A postagem diz que o ICE está “trabalhando com volumes crescentes de documentação felony, civil e regulatória e administrativa de inúmeras fontes internas e externas”. A agência enquadra o pedido como uma forma de pesquisar quais ferramentas estão atualmente disponíveis para ajudar a gerenciar e analisar as informações que o ICE possui, dizendo que está analisando produtos “existentes e emergentes” que são “comparáveis ​​a grandes fornecedores de dados investigativos e análises jurídicas/de risco”.

Além disso, a entrada diz que “o governo está procurando compreender o estado atual dos serviços de dados de localização e compatíveis com Advert Tech disponíveis para entidades investigativas e operacionais federais, considerando restrições regulatórias e expectativas de privacidade de atividades de investigações de apoio”. O documento oferece poucos detalhes além dessa descrição ampla: ele não especifica quais regulamentações ou padrões de privacidade seriam aplicáveis, nem nomeia quaisquer serviços ou fornecedores específicos de “Huge Knowledge e Advert Tech” nos quais a ICE esteja interessada.

A entrada parece ser a primeira vez que o termo “advert tech” aparece em uma solicitação de informações, solicitação de contrato ou justificativa de contrato postada pelo ICE no Registro Federal, de acordo com pesquisas da WIRED. O pedido sublinha como as ferramentas originalmente desenvolvidas para publicidade digital e outros fins comerciais são cada vez mais consideradas para utilização pelo governo para aplicação da lei e vigilância.

O ICE e o Departamento de Segurança Interna não responderam imediatamente aos pedidos de comentários da WIRED.

A ICE já usou o termo “large knowledge” em uma justificativa de contrato para a Palantir fornecer “operações ilimitadas e suporte de manutenção do sistema FALCON” e licenças ilimitadas para “Palantir Gotham”. Gotham é a ferramenta investigativa pronta para uso da Palantir para aplicação da lei.
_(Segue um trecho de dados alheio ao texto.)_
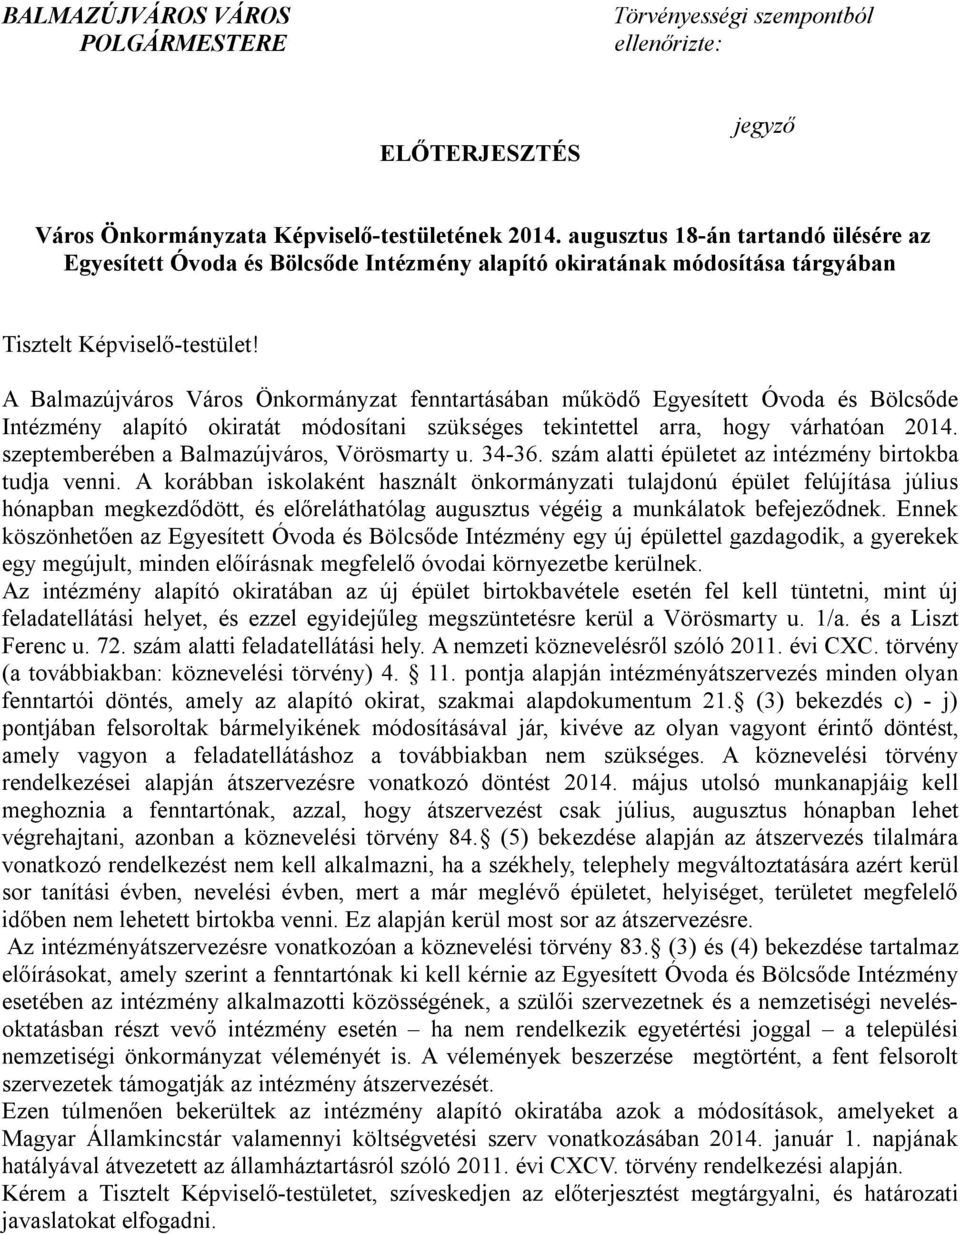 A Balmazújváros Város Önkormányzat fenntartásában működő Egyesített Óvoda és Bölcsőde Intézmény alapító okiratát módosítani szükséges tekintettel arra, hogy várhatóan 2014.

A empresa fornece uma versão personalizada do Gotham para o ICE, conhecida como sistema “Investigative Case Administration”. FALCON é uma ferramenta dentro do sistema Palantir customizado que Usos do ICE para “armazenar, pesquisar, analisar e visualizar volumes de informações existentes” sobre investigações atuais e anteriores.
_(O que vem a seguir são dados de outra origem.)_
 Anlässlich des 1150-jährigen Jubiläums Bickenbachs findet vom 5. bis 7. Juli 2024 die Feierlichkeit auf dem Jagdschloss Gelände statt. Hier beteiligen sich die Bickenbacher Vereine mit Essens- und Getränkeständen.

A ICE também adquiriu anteriormente produtos que fornecem dados de localização móvel, que às vezes estão entre as informações fornecidas por empresas que compram e vendem informações coletadas para publicidade on-line. Os dados de tecnologia de anúncios podem incluir detalhes sobre o dispositivo e os aplicativos que uma pessoa está usando, onde estão localizados e sua atividade de navegação, entre outras informações.
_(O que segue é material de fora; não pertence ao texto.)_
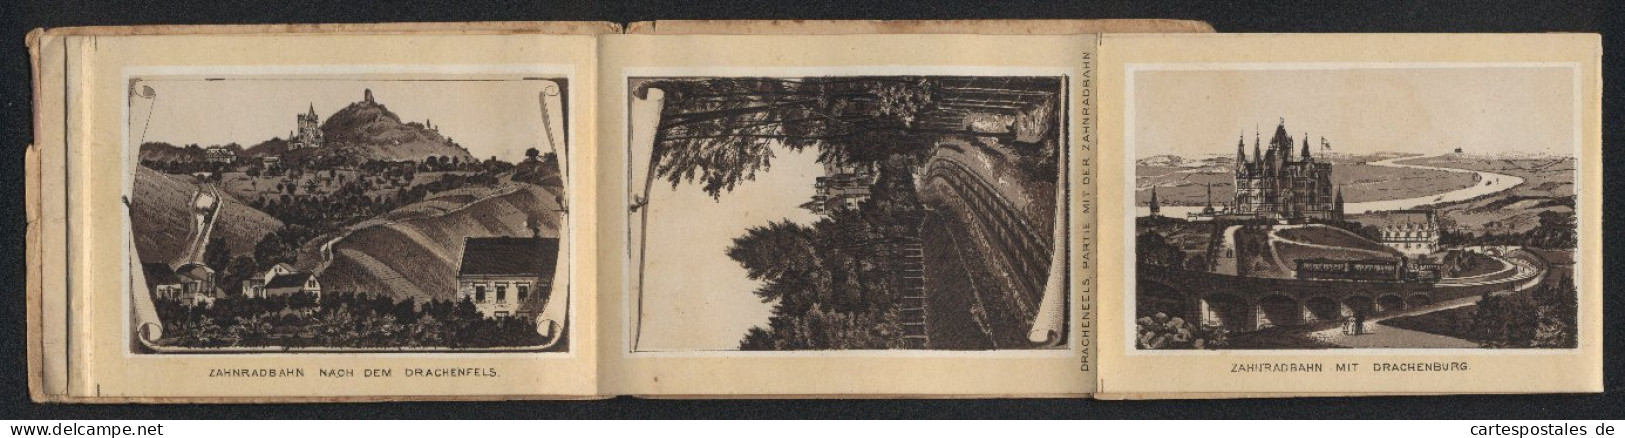 Leporello-Album Drachenfels Mit 12 Lithographie-Ansichten, Zahnradbahn Mit Drachenburg BahnhofRolandseck, Rolandsbogen  - Lithographien

O GELO tem comprado dados de localização comercial obtidos do Webloc, ferramenta comercializada pela empresa Penlink. O Webloc permite que um usuário colete informações sobre os telefones celulares usados ​​em uma área específica durante um determinado período de tempo. Os usuários têm a capacidade de filtrar os dispositivos exibidos de acordo com critérios como se sua localização foi coletada through “GPS, WiFi ou endereço IP” ou por seus “identificadores de publicidade Apple e Android”, de acordo com reportagem da 404 Media,

Nos últimos anos, o ICE também comprado licenças para usar a Venntel, uma corretora de dados e subsidiária da empresa Gravy Analytics que coleta e vende dados de localização do consumidor. Em uma entrada no Registro Federal fechando um contrato com a Venntel no ano passado, o ICE informou que sua divisão de Operações de Execução e Remoção havia usado o software program da empresa “para acessar/obter informações para identificar com precisão dispositivos digitais”.

A Comissão Federal de Comércio alegou em 2024 que a Venntel vendeu dados confidenciais de localização do consumidor sem obter o devido consentimento das pessoas para fins comerciais e governamentais. Posteriormente, a FTC proibiu a Gravy Analytics e a Venntel “de vender, divulgar ou usar dados de localização confidenciais, exceto em circunstâncias limitadas que envolvam segurança nacional ou aplicação da lei”. (Gravy Analytics não admitiu nem negou nenhuma das alegações feitas pela FTC.)